▶ **TASK GOAL**
Copy exactly the lines of the data below, beginning with the line with "BUNKER HILL,3rd. NEW" and ending with the line with "Self-Adhesive Leather Fabric, Artificial". Pictures are to be omitted.

▶ **INFORMATION PROVIDED**
..........
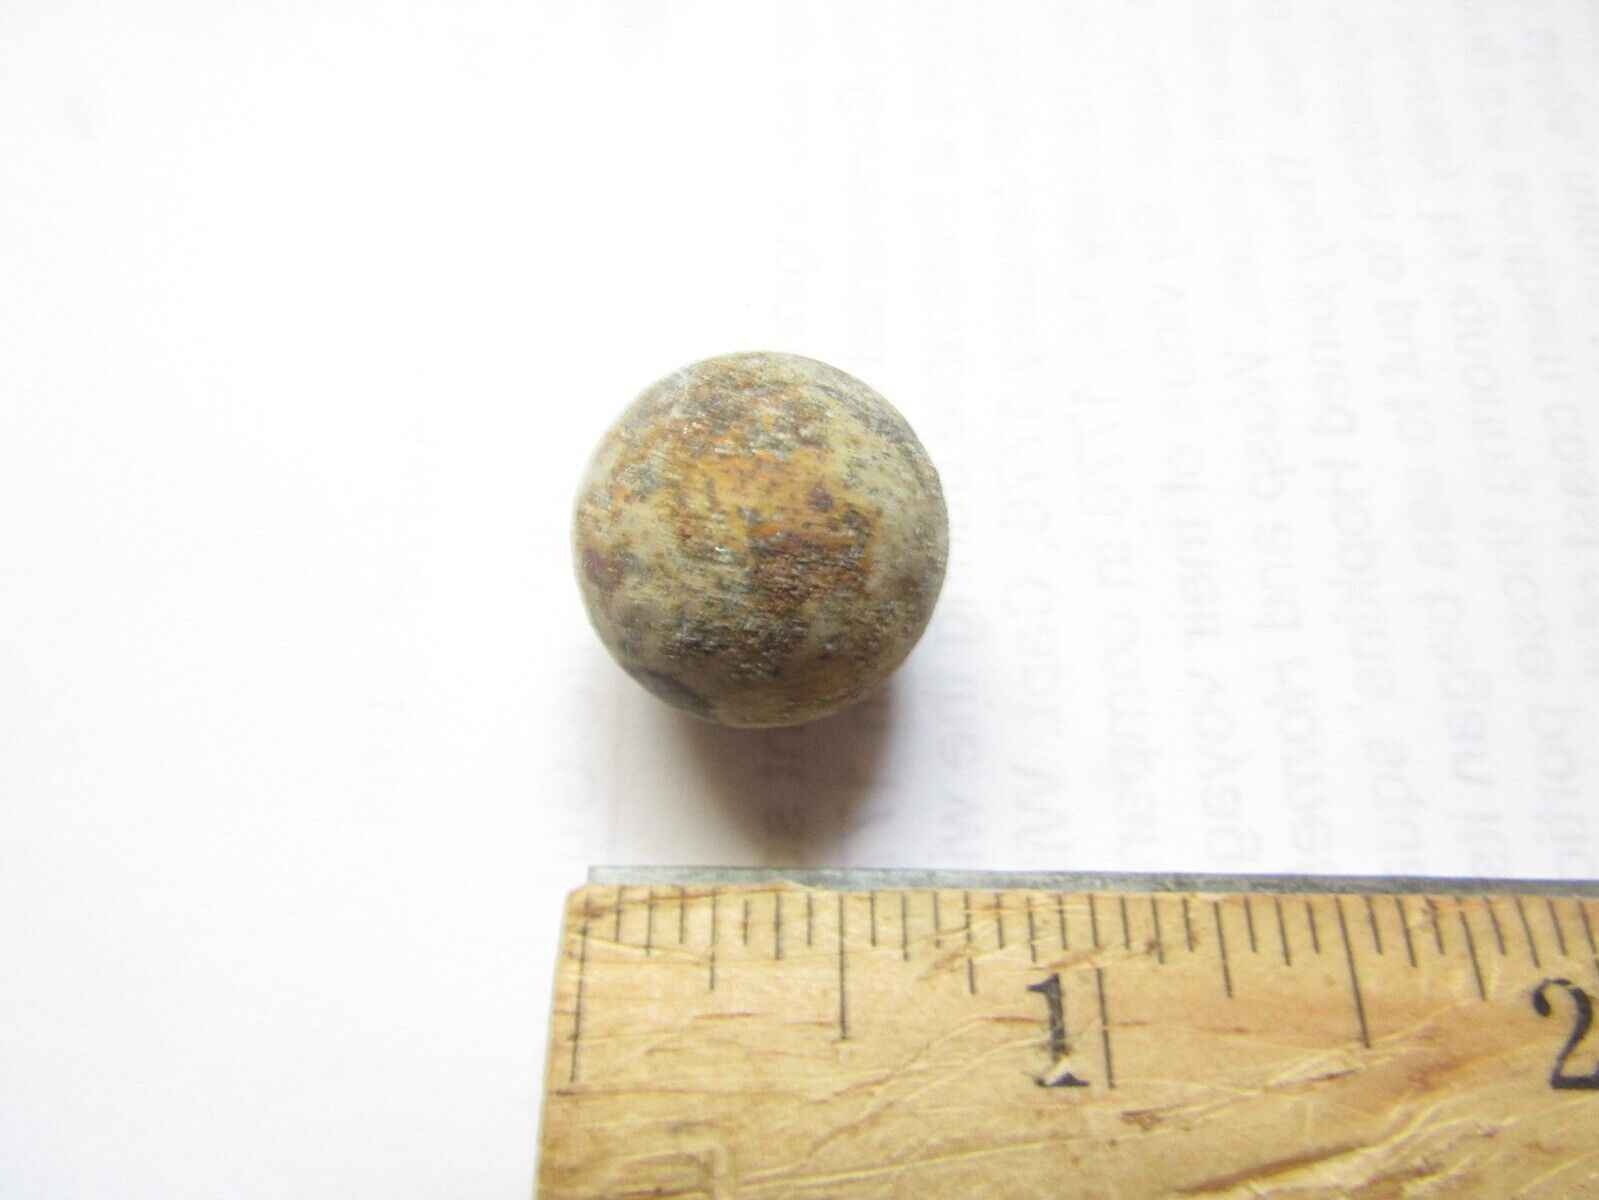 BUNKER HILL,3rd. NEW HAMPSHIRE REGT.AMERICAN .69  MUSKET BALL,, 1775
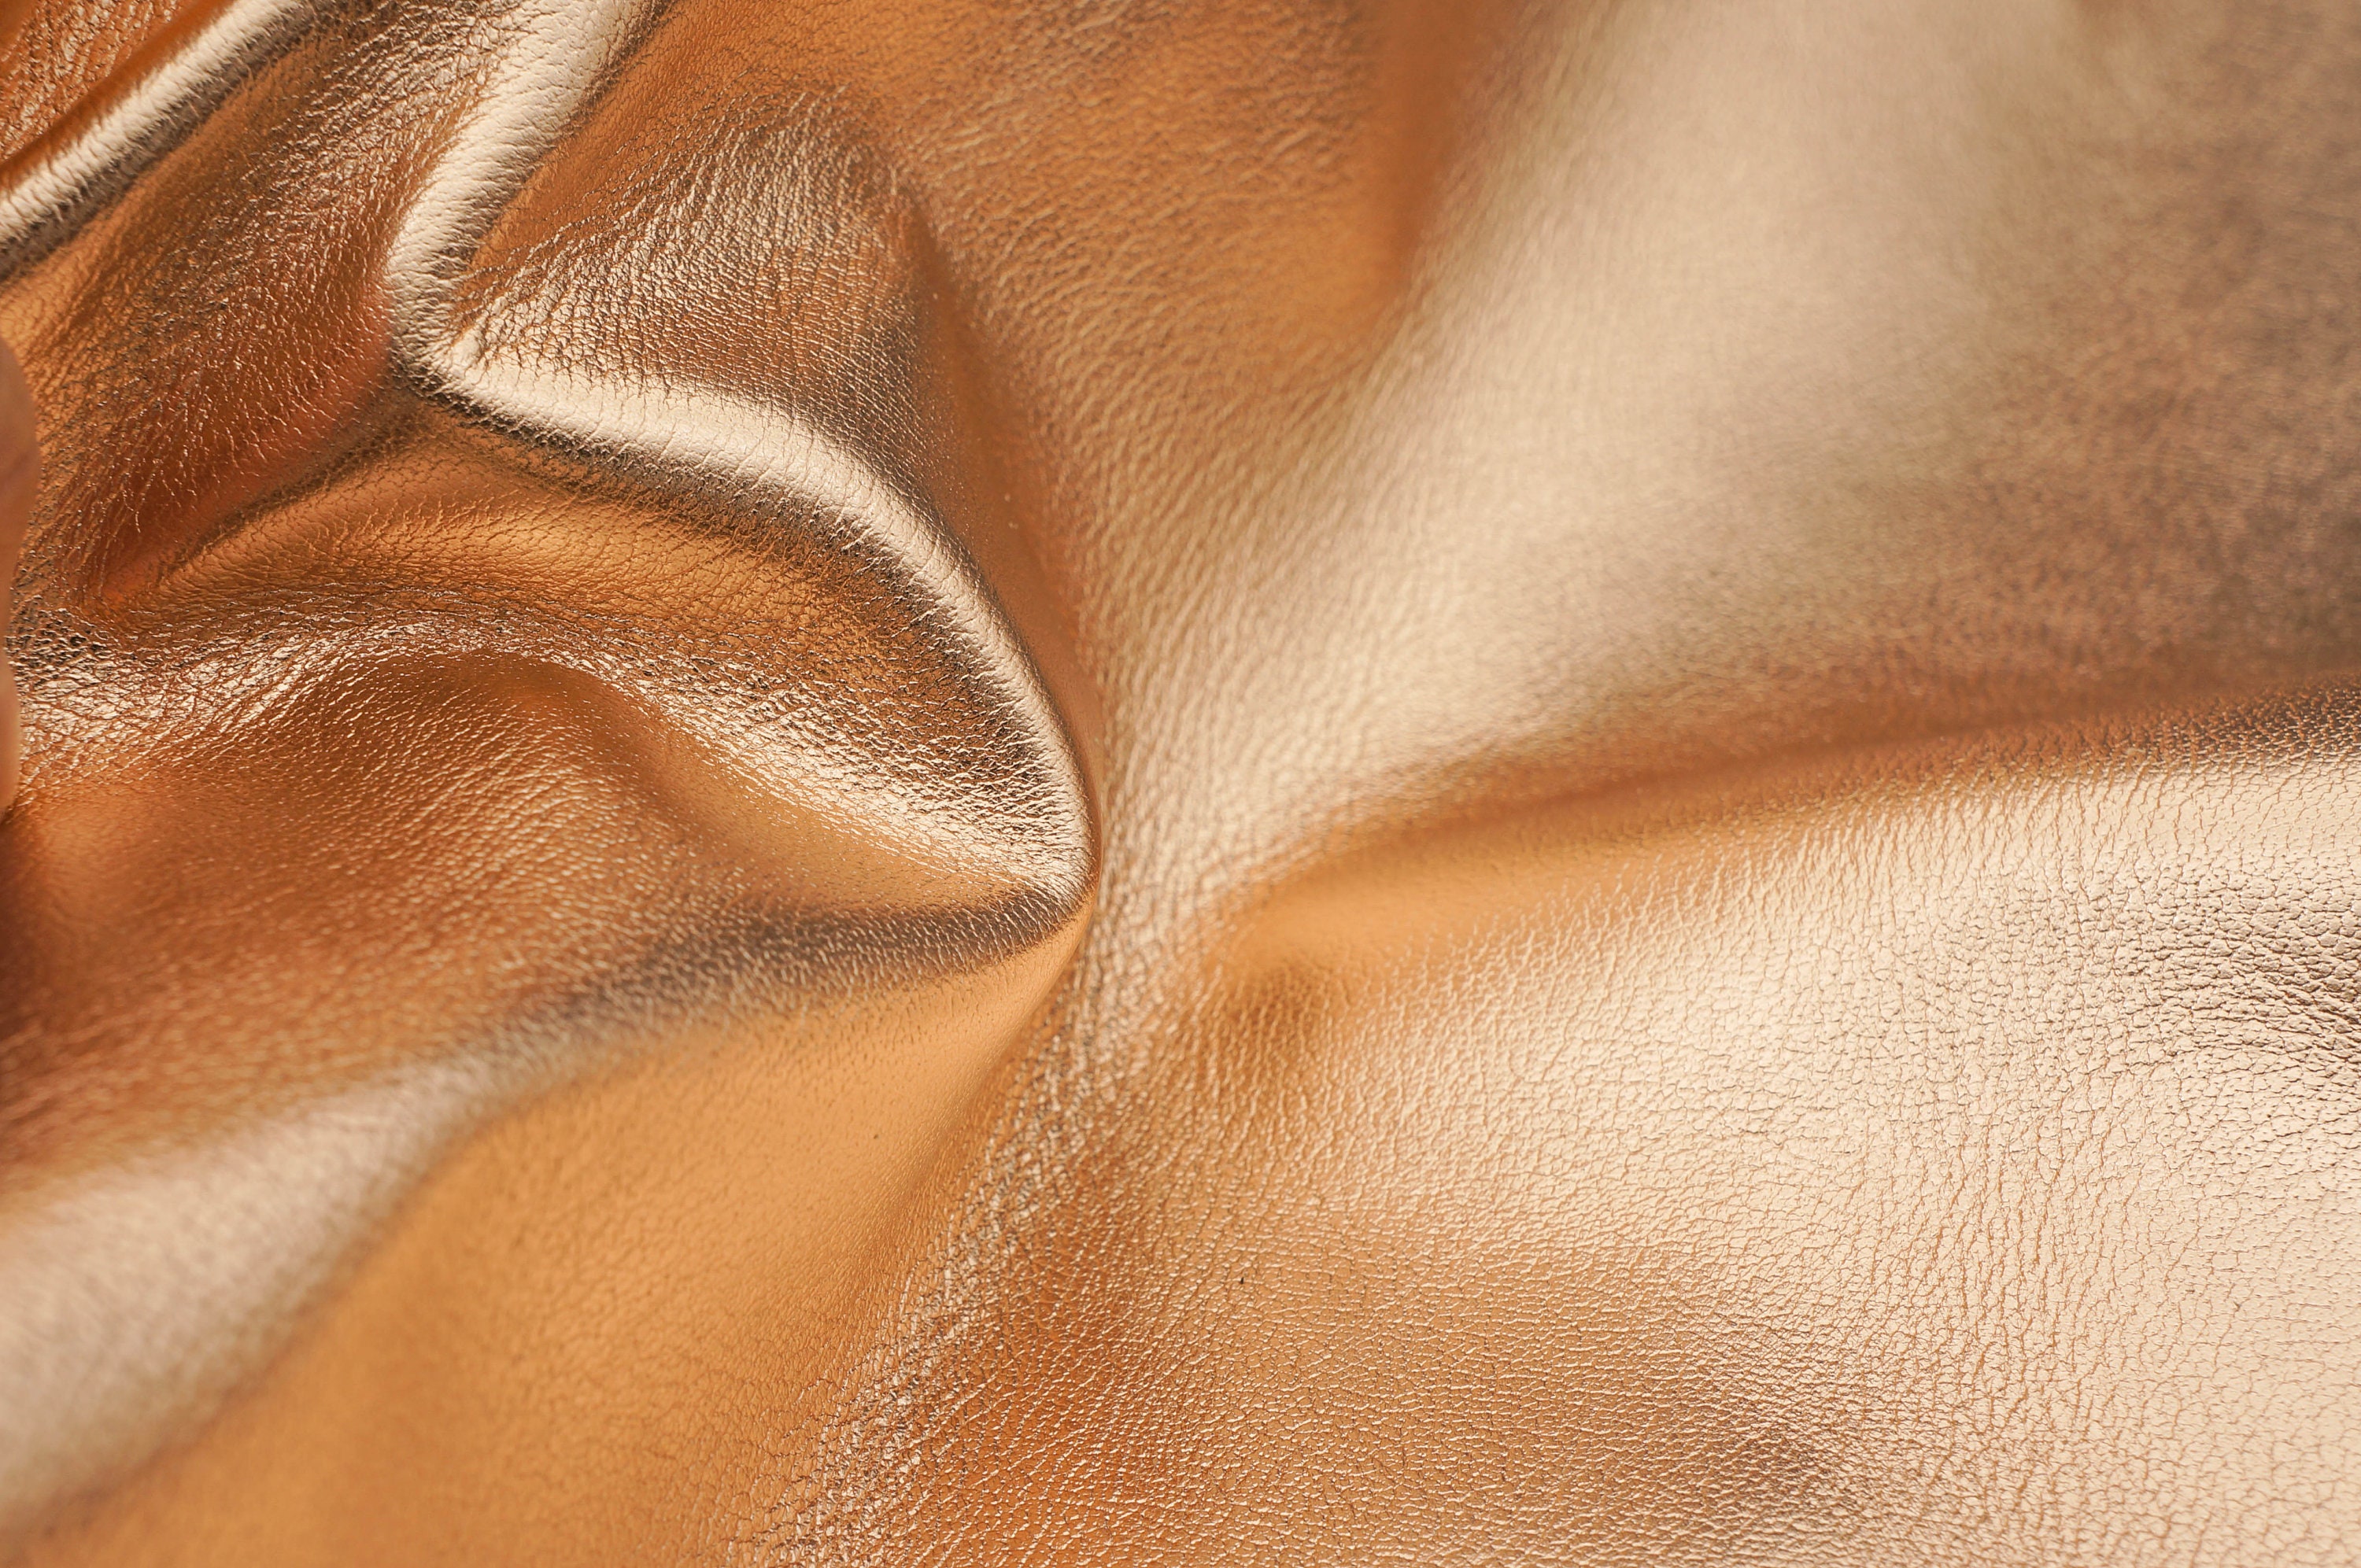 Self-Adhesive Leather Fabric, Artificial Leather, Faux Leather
..........
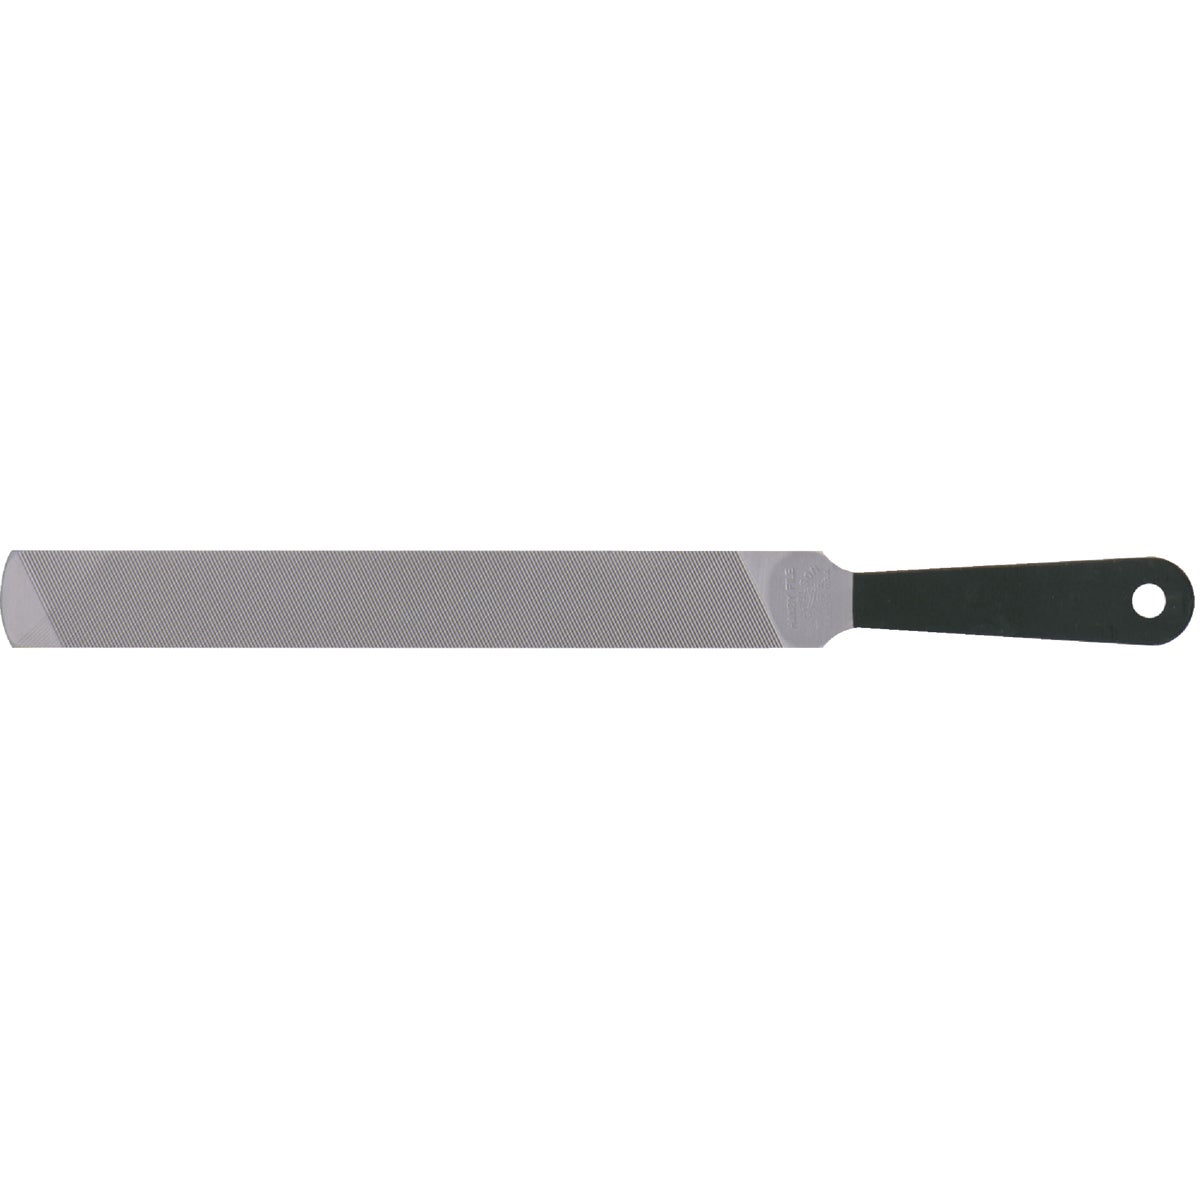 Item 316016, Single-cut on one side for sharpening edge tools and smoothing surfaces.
..........
▶ **RESULT BELOW**
 BUNKER HILL,3rd. NEW HAMPSHIRE REGT.AMERICAN .69  MUSKET BALL,, 1775
 Self-Adhesive Leather Fabric, Artificial Leather, Faux Leather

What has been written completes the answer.